Buradan anlaşıldığı gibi, Devlet paralı veya parasız^olarak bazı
vatandaşlara iskânları için arazinin mülkiyetini devretmektedir, devir en büyük
mülkiye âmirinin belgeleri imzalaması ile tamamlanmaktadır; mülkiyet hakkı
intikal etmekte; tapuya tescil işlemi mülkiyet hakkını kurucu değil; bildirici
nitelik taşımaktadır.
4753 sayılı Kanunun yürürlükten kaldırılması veya herhangi başka
nedenlerle bu arazilerin tevzi defterlerinin işlemleri tamamlanamamış olanları
(daha önce inceleme yapılarak dağıtım işlemi reddedilmiş olanlar değil! Bkz.
Özmen, İ. Çorbalı, H. 3402 sayılı Kadastro Kanunu şerhi, 1988 Ankara, S. 1075)
Başka şart aranmaksızın hak sahipleri adına tesbit ve tescil olunacaktır, (3402
sayılı Kadastro Kanunu, madde 45, III).
Madde iskân için dağıtılan toprakları "Orman sınırları içinde
kalan ve "Orman dışına çıkarılan" topraklar olarak ayırdığından,
Anayasaya aykırılık sorunu bu ayrıma uyularak incelenecektir.

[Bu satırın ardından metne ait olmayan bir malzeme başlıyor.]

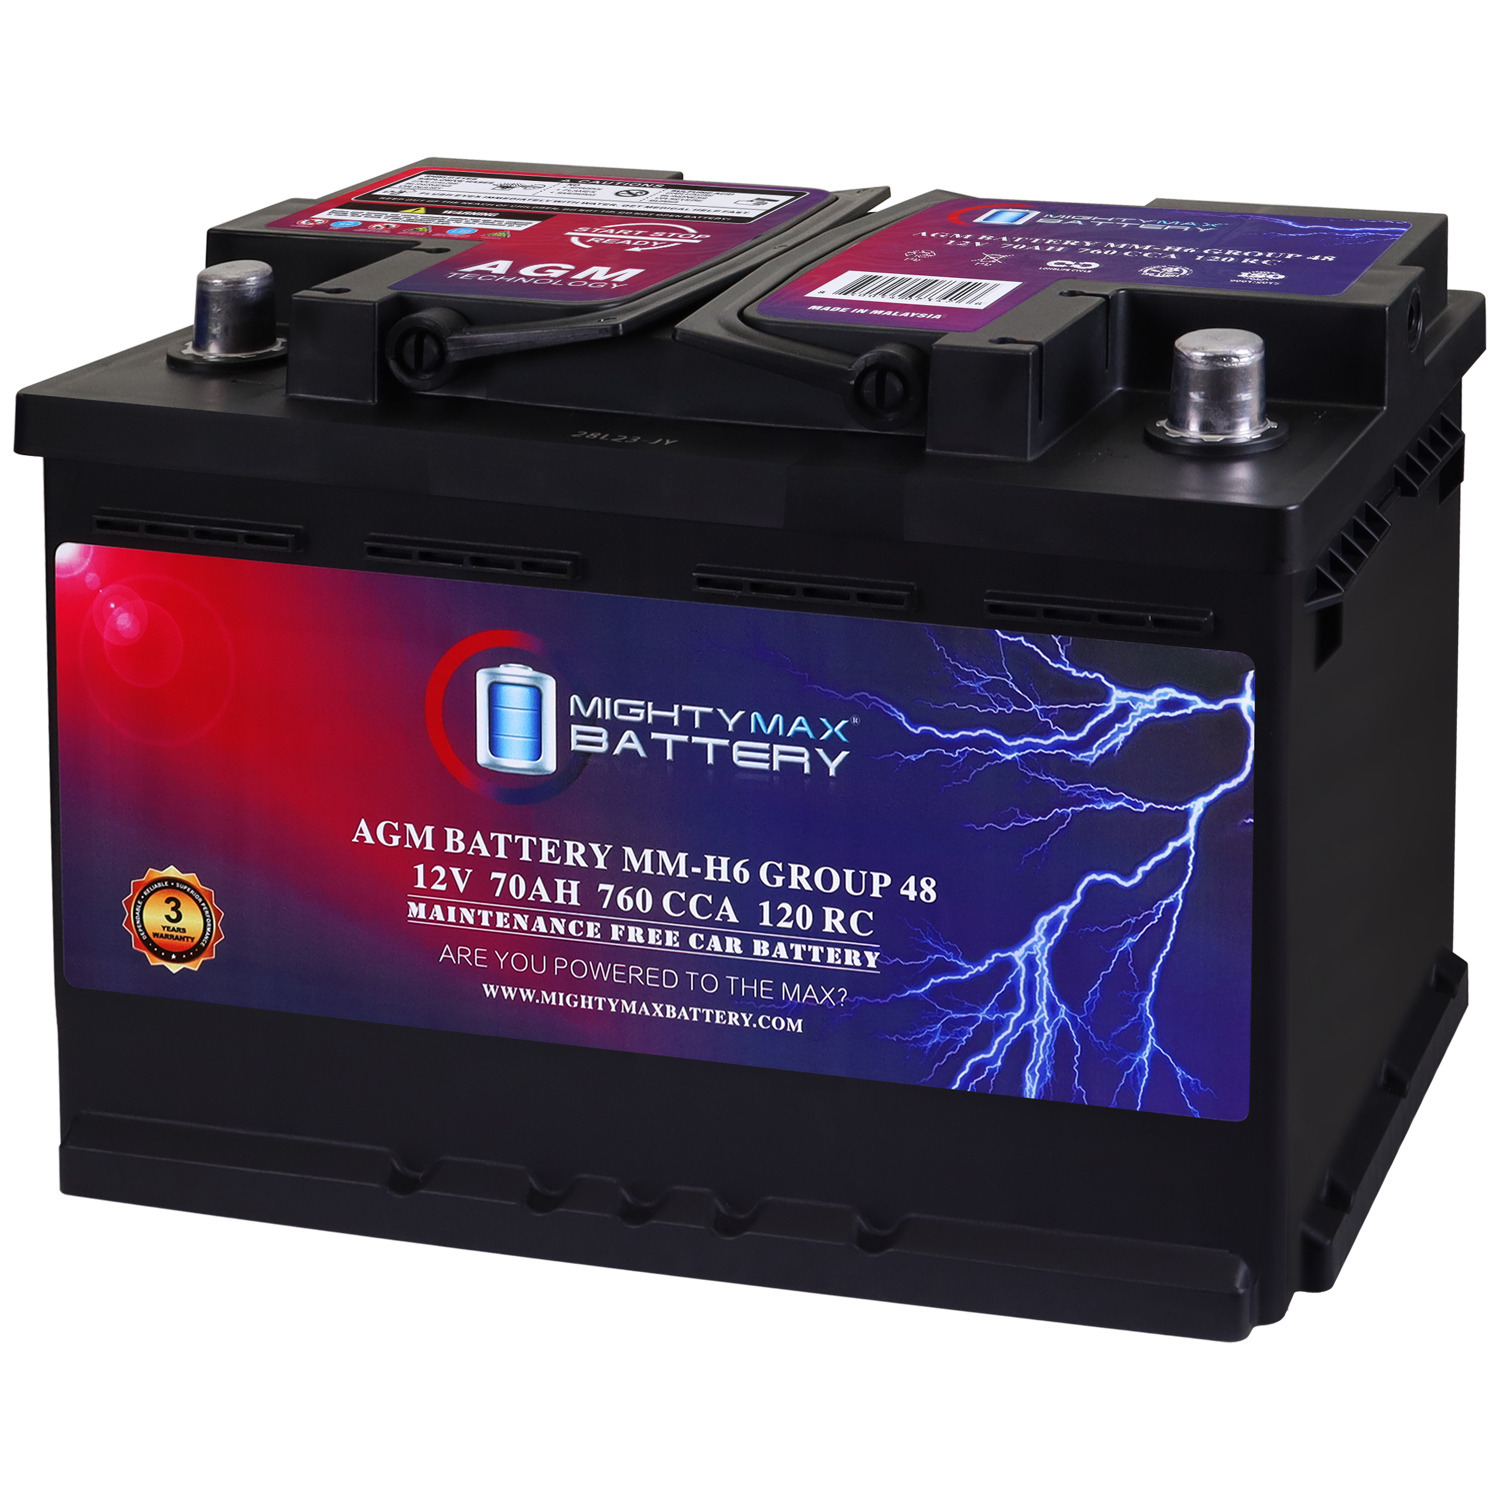 MM-H6 Group 48 12V 70AH 120RC 760CCA Replacement Battery Compatible with Audi Allroad 13-15

A) Orman sınırları içinde kalan iskân için dağıtılmış alanlar.
Orman içinde bulunup, henüz tahdit işlemi yapılmamış alanlar iskân
için verilmiş olabilir. Bu yerler kural olarak orman sayılmaz. Zira Devlet
iskân için seçtiği araziyi mevzuat gereği, orman sayılmayan yerden vermekle
yükümlüdür. Bu araziyi iskân için Devlet'ten temellük edenin de orman içinde
olmakla beraber, orman sayılmayan alandan seçilerek kendisine verildiğini
farzetmeye hakkı vardır. Nitekim:
a) 6831 sayılı Orman Kanununun 22.5.1987 tarih ve 3373 sayılı
Kanunla değişik 1. maddesinin (F) bendi "Orman sınırları içinde veya
bitişiğinde tapulu özel mülkiyette bulunan ve tarım arazisi olarak kullanılan
dağınık veya yer yer küme ve sıra halindeki her nevi ağaç ve ağaççıklarla
örtülü yerlerin ..." orman sayılmayacağını hükme bağlamıştır.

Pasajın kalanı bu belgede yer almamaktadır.